Aggregations - hazelcast/hazelcast-scala GitHub Wiki
The Hazelcast IMap
is a partitioned (sharded) KV store. The Scala API adds support for distributed parallel aggregations, with the same syntax as the native Scala collections, except for the return type, which is a Future
, making it fully non-blocking.
Let's say we have a collection of events, with timestamps, and we'd like to count events by month:
val events: IMap[Key, Event] = ???
val countByMonth: Future[Map[Month, Int]] =
events.map(_.value).aggregate(Map.empty[Month, Int])({
// seqop:
case (byMonth, event) =>
val month = event.ts.getMonth
val count = byMonth.getOrElse(month, 0) + 1
byMonth.updated(month, count)
}, {
// compop:
case (byMonthX, byMonthY) =>
val months = (byMonthX.keySet ++ byMonthY.keySet)
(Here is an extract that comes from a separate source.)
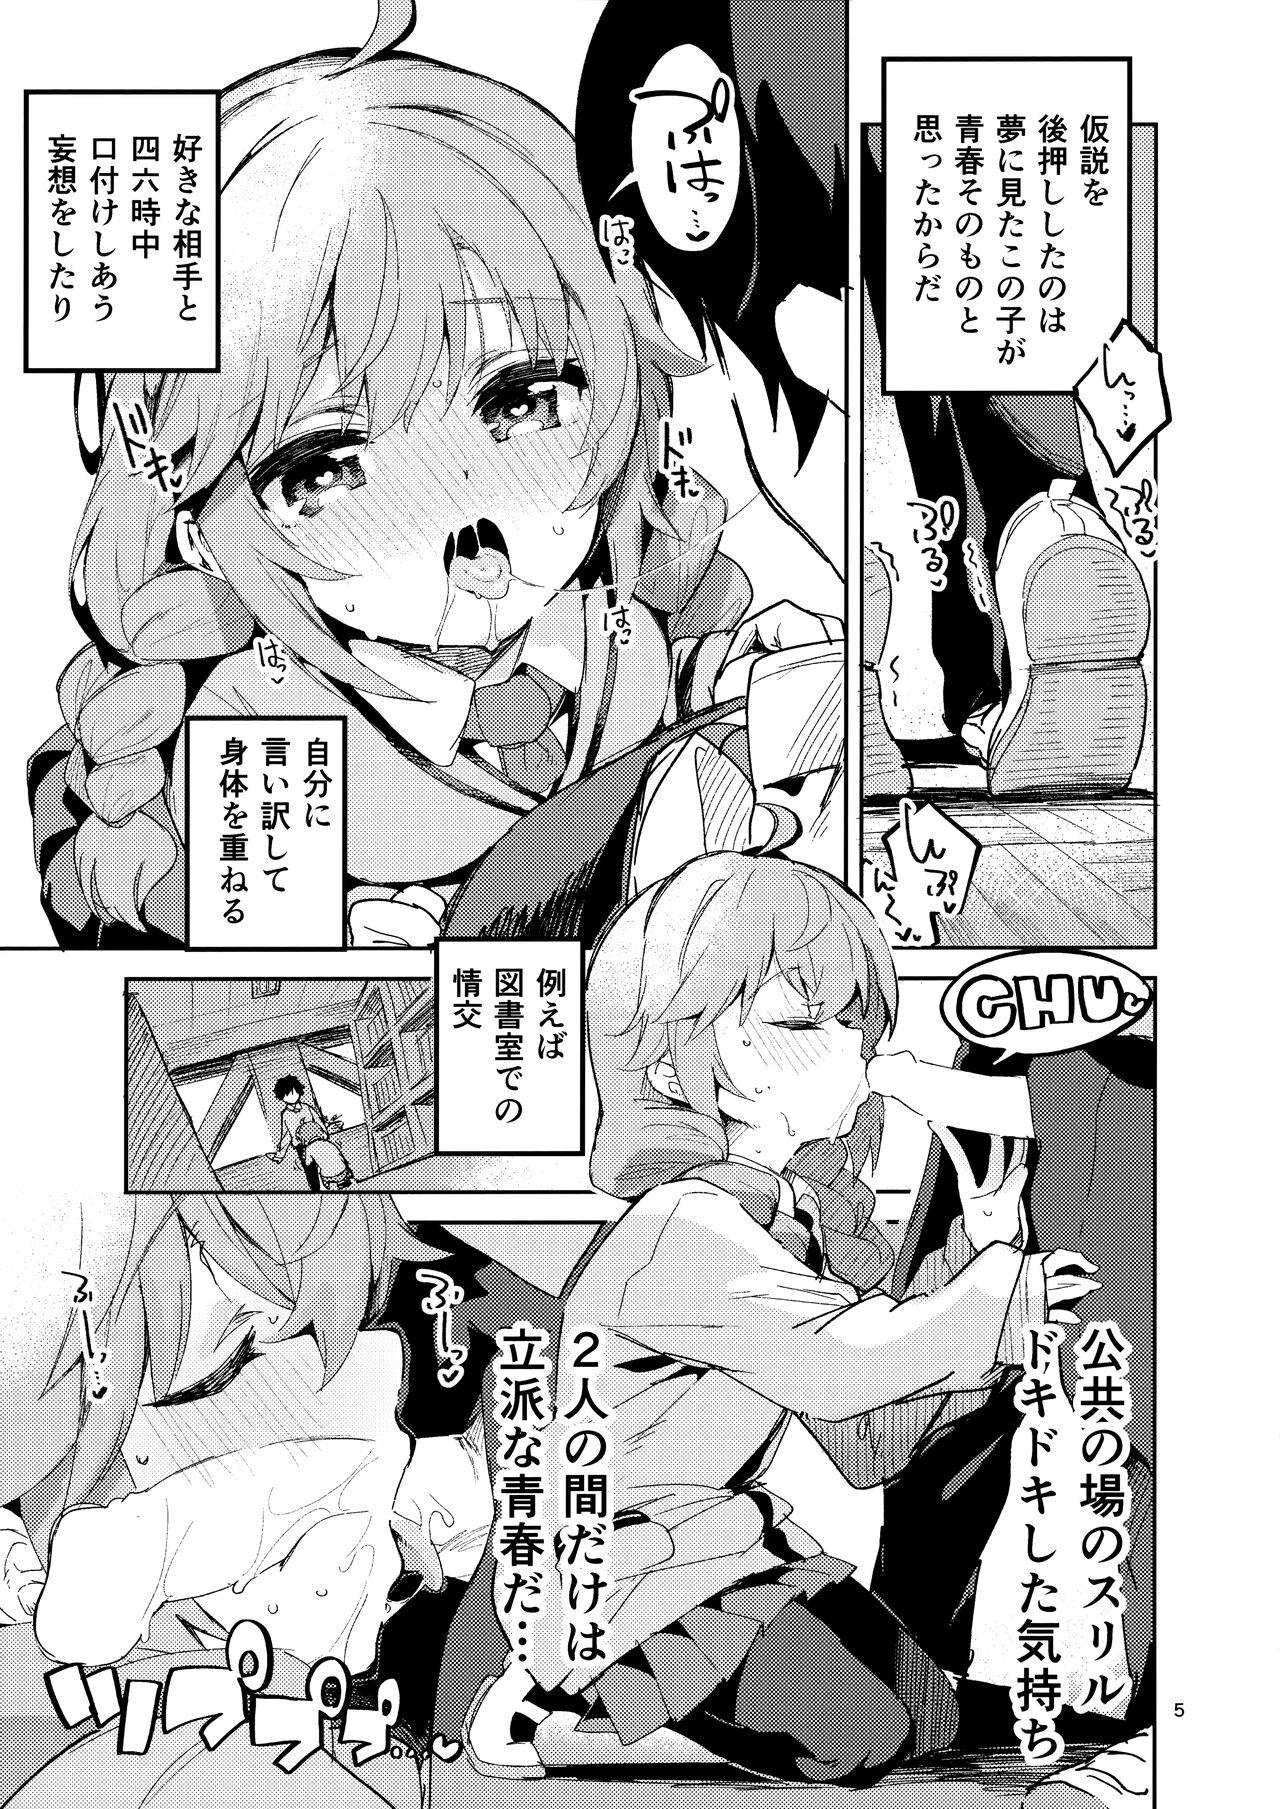 Club Seishun no Teigi - Princess connect Weird - Page 4
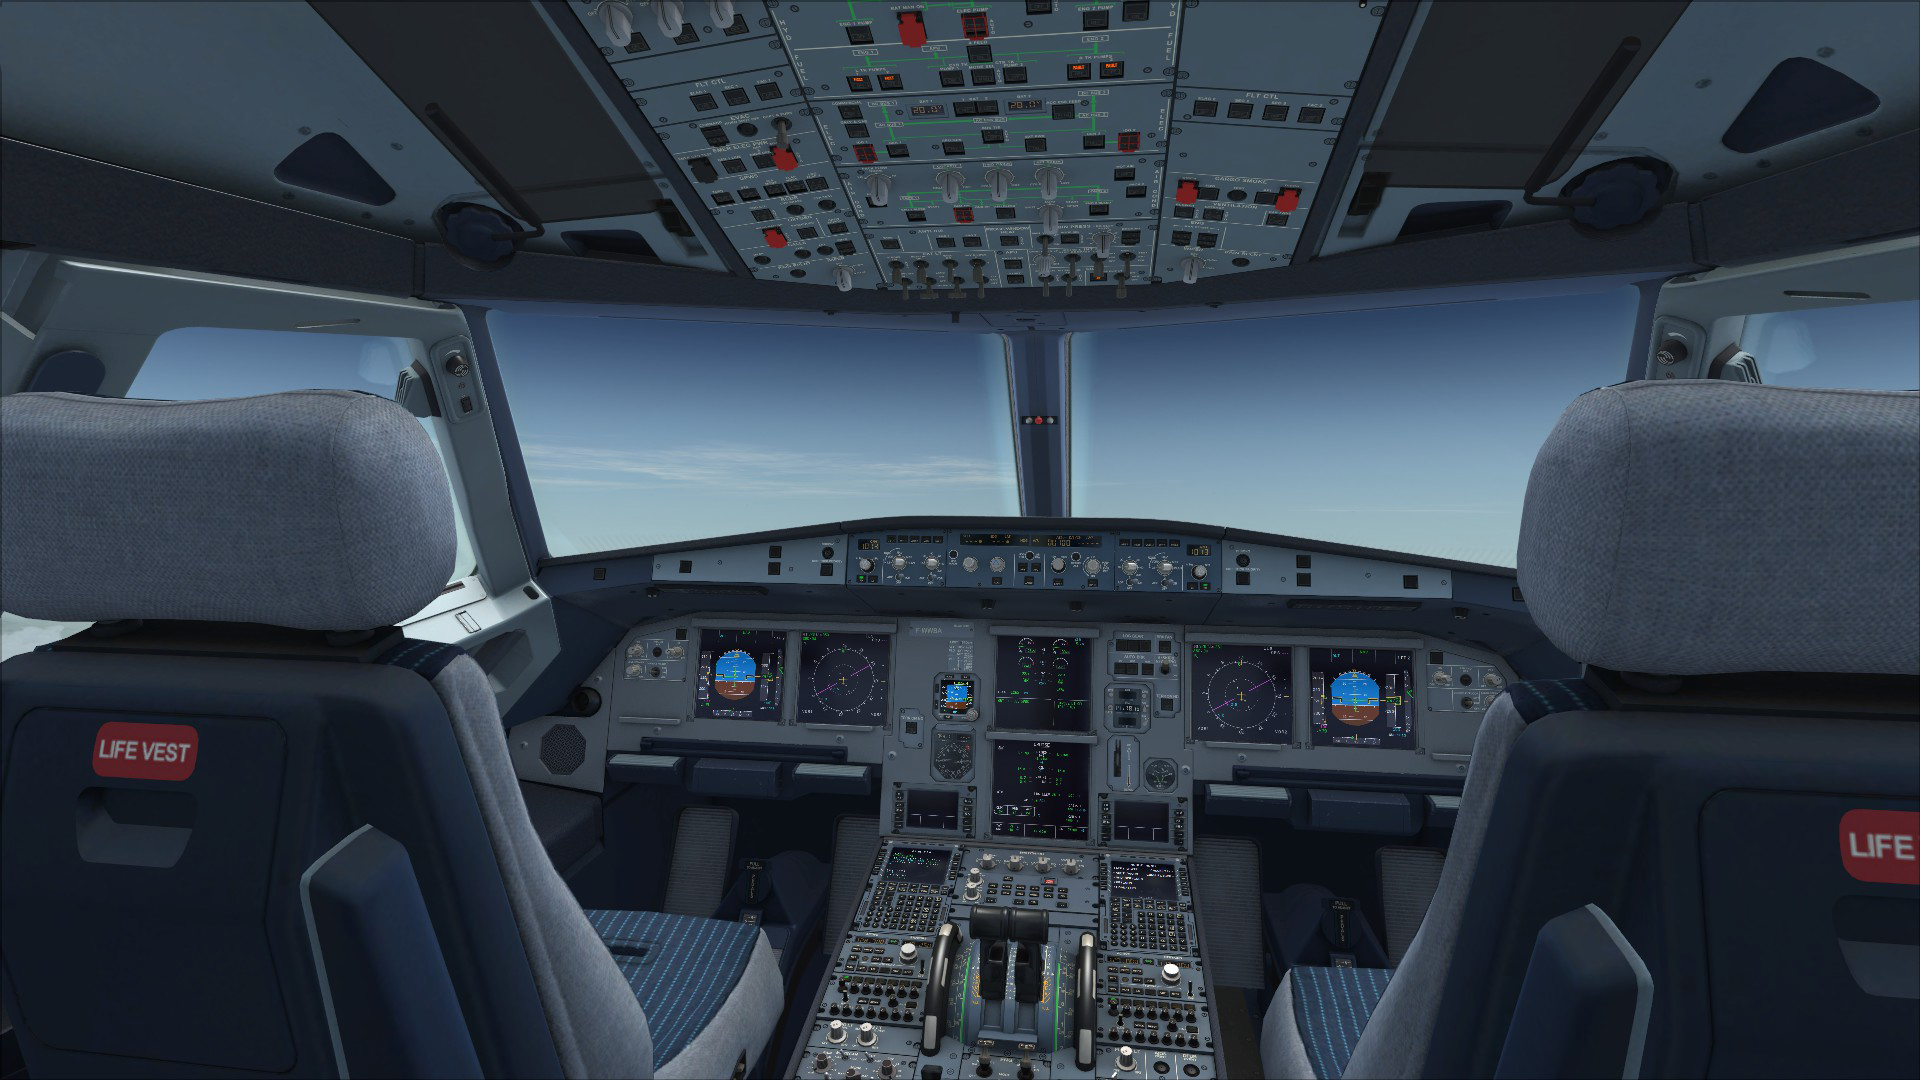 aerosoft airbus x extended hd cockpit

months.toSeq.map(_ -> 0).toMap.transform {
case (month, _) =>
byMonthX.getOrElse(month, 0) + byMonthY.getOrElse(month, 0)
}
})
This is virtually identical to Scala's parallel collections, but scales horizontally.
We can make the above aggregation a lot cleaner by leveraging the built-in groupBy
function, instead making it much simpler:
events.map(_.value).groupBy(_.ts.getMonth).aggregate(0)({
// seqop:
case (count, _) => count + 1
}, {
// combop:
case (countX, countY) => countX + countY
})
It's also possible to aggregate a result into another IMap
, which is useful for simply storing the result, but also to keep an aggregation constant for use in multiple derivative aggregations:
val byMonth: IMap[Month, Int] = ???
events.map(_.value).groupBy(_.ts.getMonth).aggregateInto(byMonth)(0)({
// seqop:
case (count, _) => count + 1
}, {
// combop:
case (countX, countY) => countX + countY
})
Built-in aggregations
There are a number of built-in aggregations, which are accessible depending on the type. To run the above count
aggregation, we can simply do this:
val countByMonth: Future[Map[Month, Int]] =
events.map(_.value).groupBy(_.ts.getMonth).count()